Writing a new scheduler allows you to completely design new processes inside mml while leveraging all of its infrastructure and seamlessly integrate with existing procedures. New schedules are implemented by inheriting from the AbstractBaseScheduler. Several examples are provided in the schedulers module, as well as scattered through some Plugins. The first step would be to consider the atomic steps of the scheduler. Usually they incorporate the interaction with a single or few tasks and produce some sort of artifact as result of calculations (e.g. a trained model, extracted features, visualizations, …). Let’s assume there are two atomic steps: step_a and step_b, where the first one runs on every task of the task list producing some artifact and the second runs a single time to aggregate all artifacts. Their methods might look like

class BuzzScheduler(AbstractBaseScheduler):
def step_a(self, task_name):
    struct = self.get_struct(task_name)
    # do calculations
    datamodule = self.create_datamodule(struct)
    artifact = heavy_work(datamodule)
    # store
    path = self.fm.construct_saving_path(obj=artifact,key='foo',task_name=task_name)
    artifact.store(path)
    # attach path to struct (this will make it persistent across atomic steps)
    struct.paths['foo'] = path

def step_b(self):
    # load artifacts
    artifacts = {}
    for task in self.cfg.task_list:
        struct = self.get_struct(task_name)
        artifacts[task] = load_my_artifact(path=struct.paths['foo'])
    # do some work
    end_result = heavy_work(artifacts)
    # store
    path = self.fm.construct_saving_path(obj=end_result,key='baz')
    end_result.store(path)

Now the only thing remaining is to tell the scheduler what subroutines are available and how they shall compose.

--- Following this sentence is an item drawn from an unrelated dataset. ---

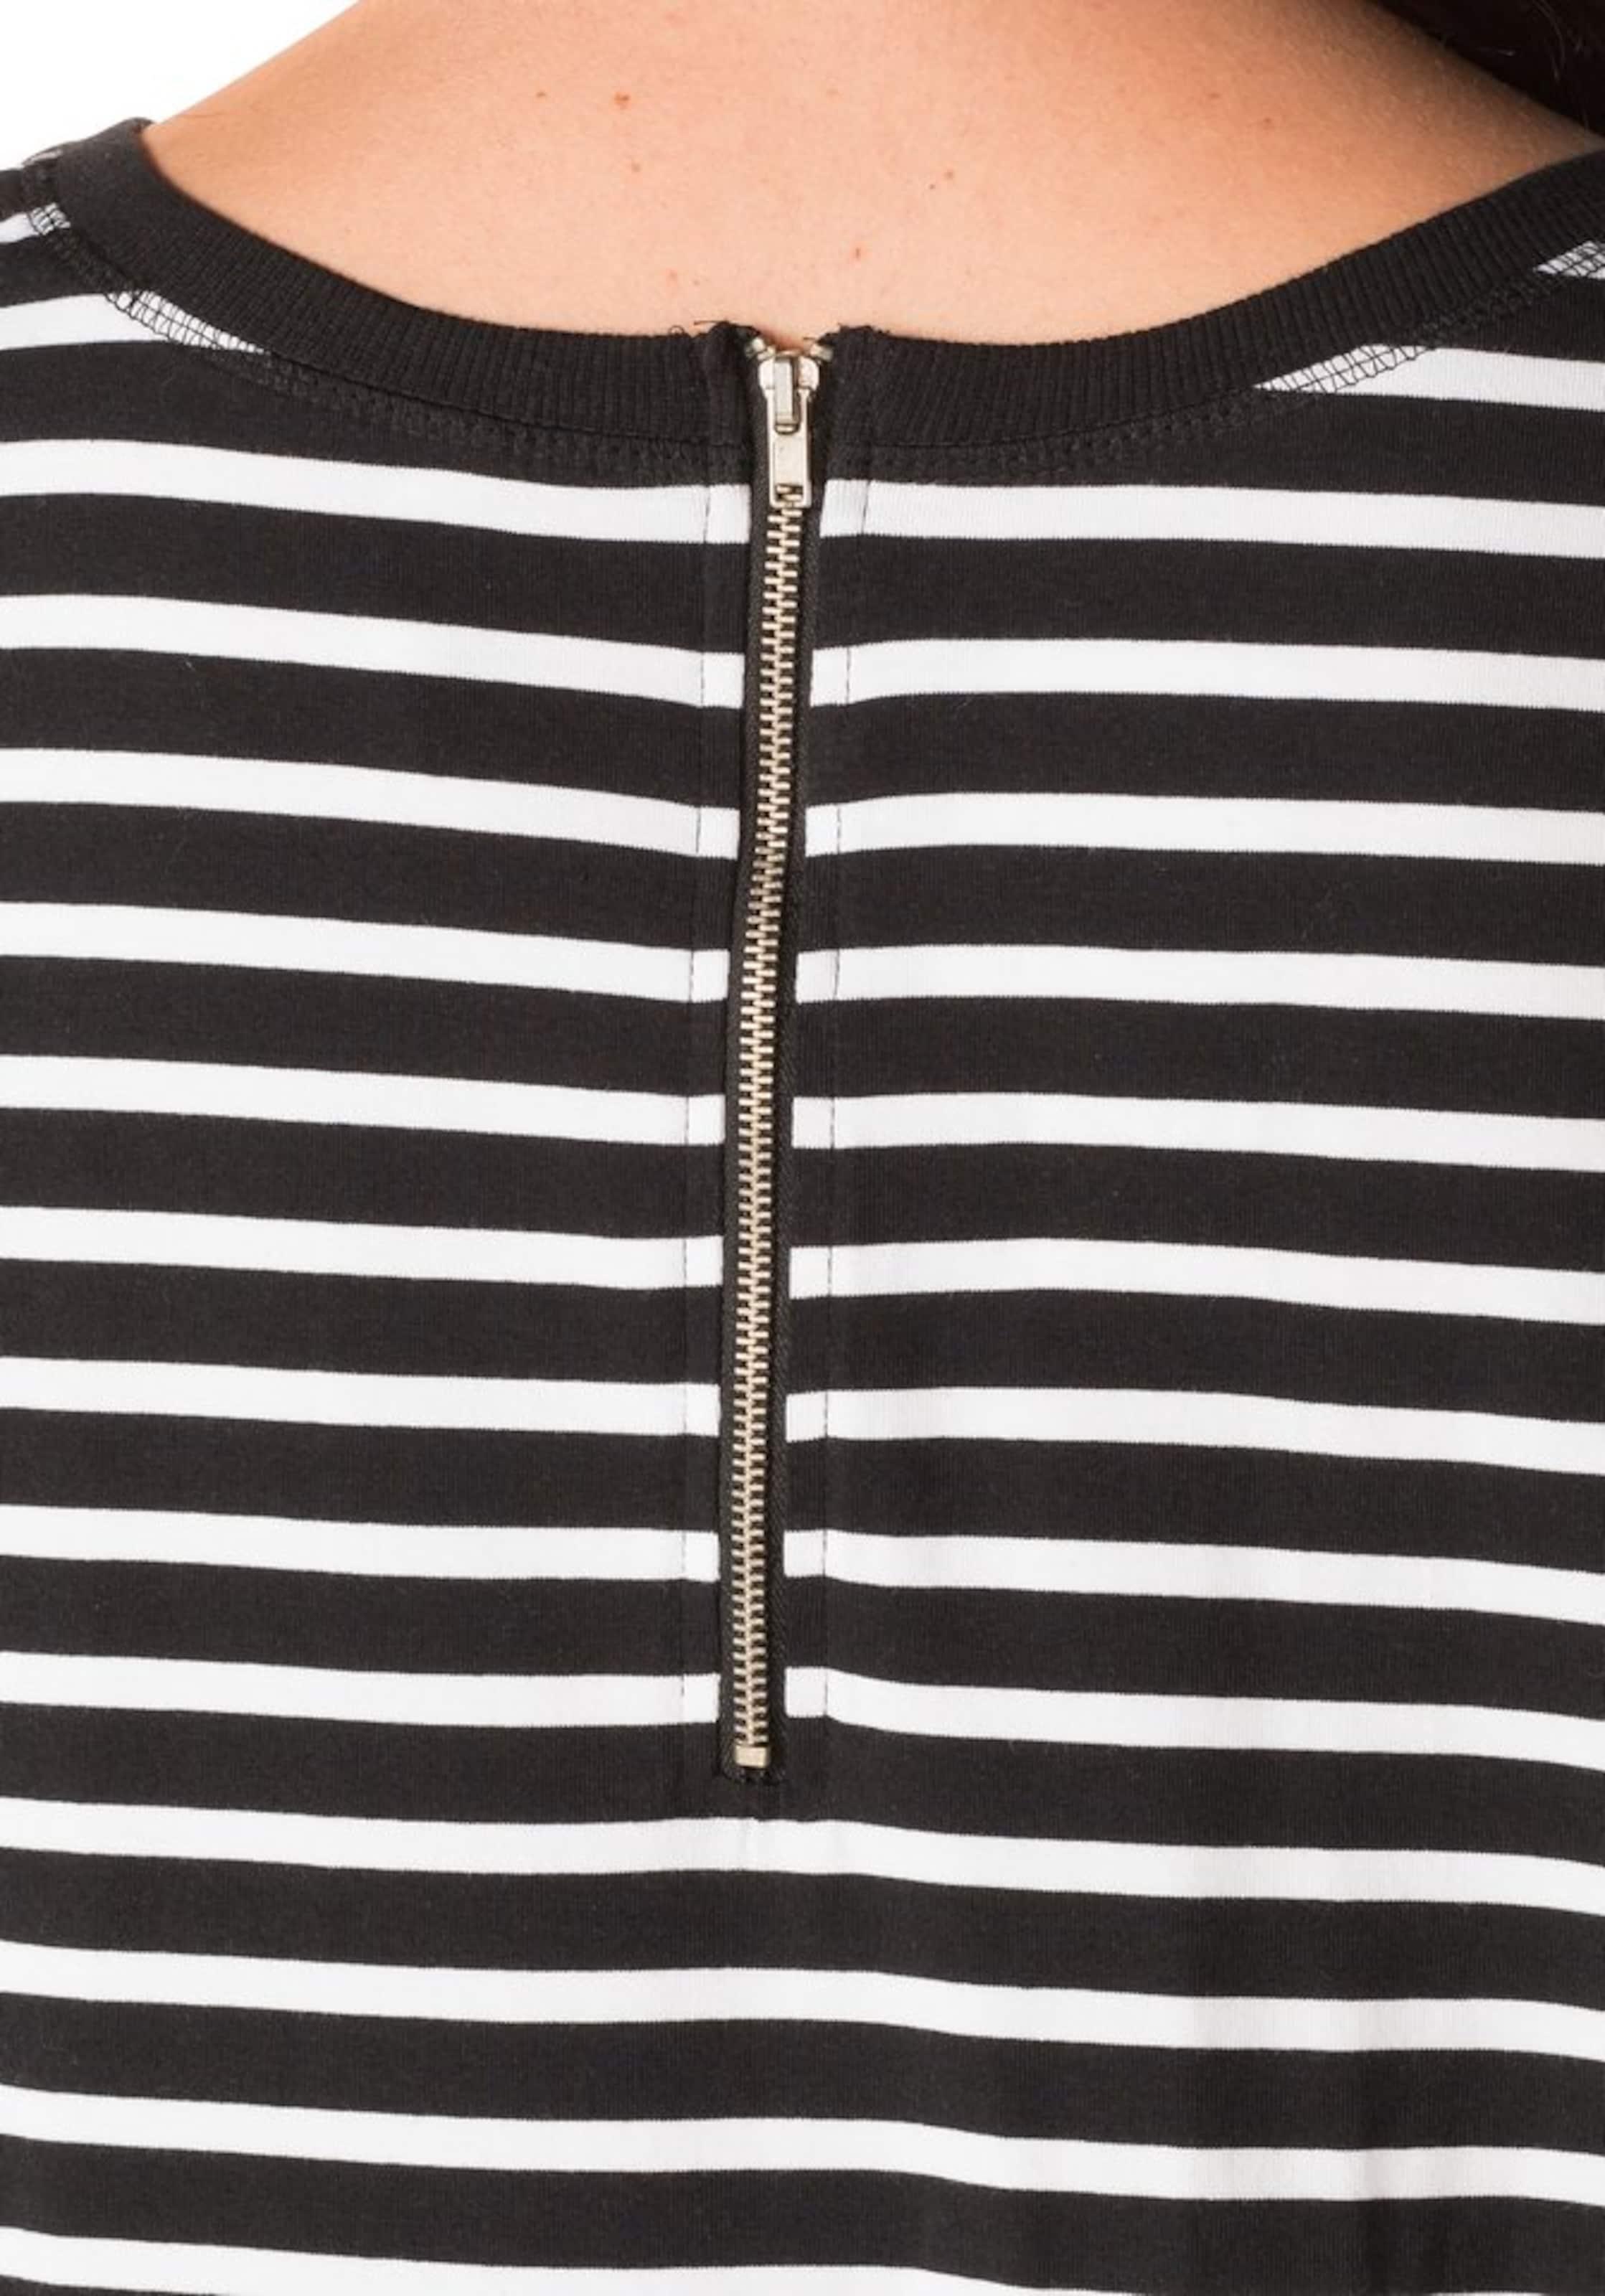 Niedriger Preis Zu Verkaufen sheego casual Longshirt Freies Verschiffen 2018 Unisex cwNGg

class BuzzScheduler(AbstractBaseScheduler):
def __init__(self, cfg: DictConfig):
    # initialize
    super(BuzzScheduler, self).__init__(cfg=cfg, available_subroutines=["a", "b"])

def create_routine(self):
    # -- add step_a commands
    if "a" in self.subroutines:  # subroutines may be called independently
        for task in self.cfg.task_list:
            self.commands.append(self.step_a)
            self.params.append([task])
    # -- add step_b command
    if "b" in self.subroutines:
        # run only once, nor args
        self.commands.append(self.step_b)
        self.params.append([])

To make your scheduler accessible you need to provide a mode config. You may either place this config inside the original mml config folder (e.g. if you cloned the repo), create a dedicated config folder where you like (using mml-copy-conf (see Installation) or provide them through a plugin (see Plugins). It could look like this:

# @package _global_

defaults:
  - override /augmentations: no_norm
  - override /sampling: extraction_default

mode:
  id: BUZZ
  scheduler:
    _target_: foo.bar.BuzzScheduler
  subroutines:
    - a
    - b
  var_one: 1337
  var_two: 42

sampling:
  sample_num: 1000

Some more words on the interactions of such a config can be found in Getting started.

Modalities and TaskTypes

Adding a new Modality and/or a new TaskType requires the following steps

  • add your modality and task type to the respective Enum classes at task_attributes

  • make sure to provide the correct entry in requires()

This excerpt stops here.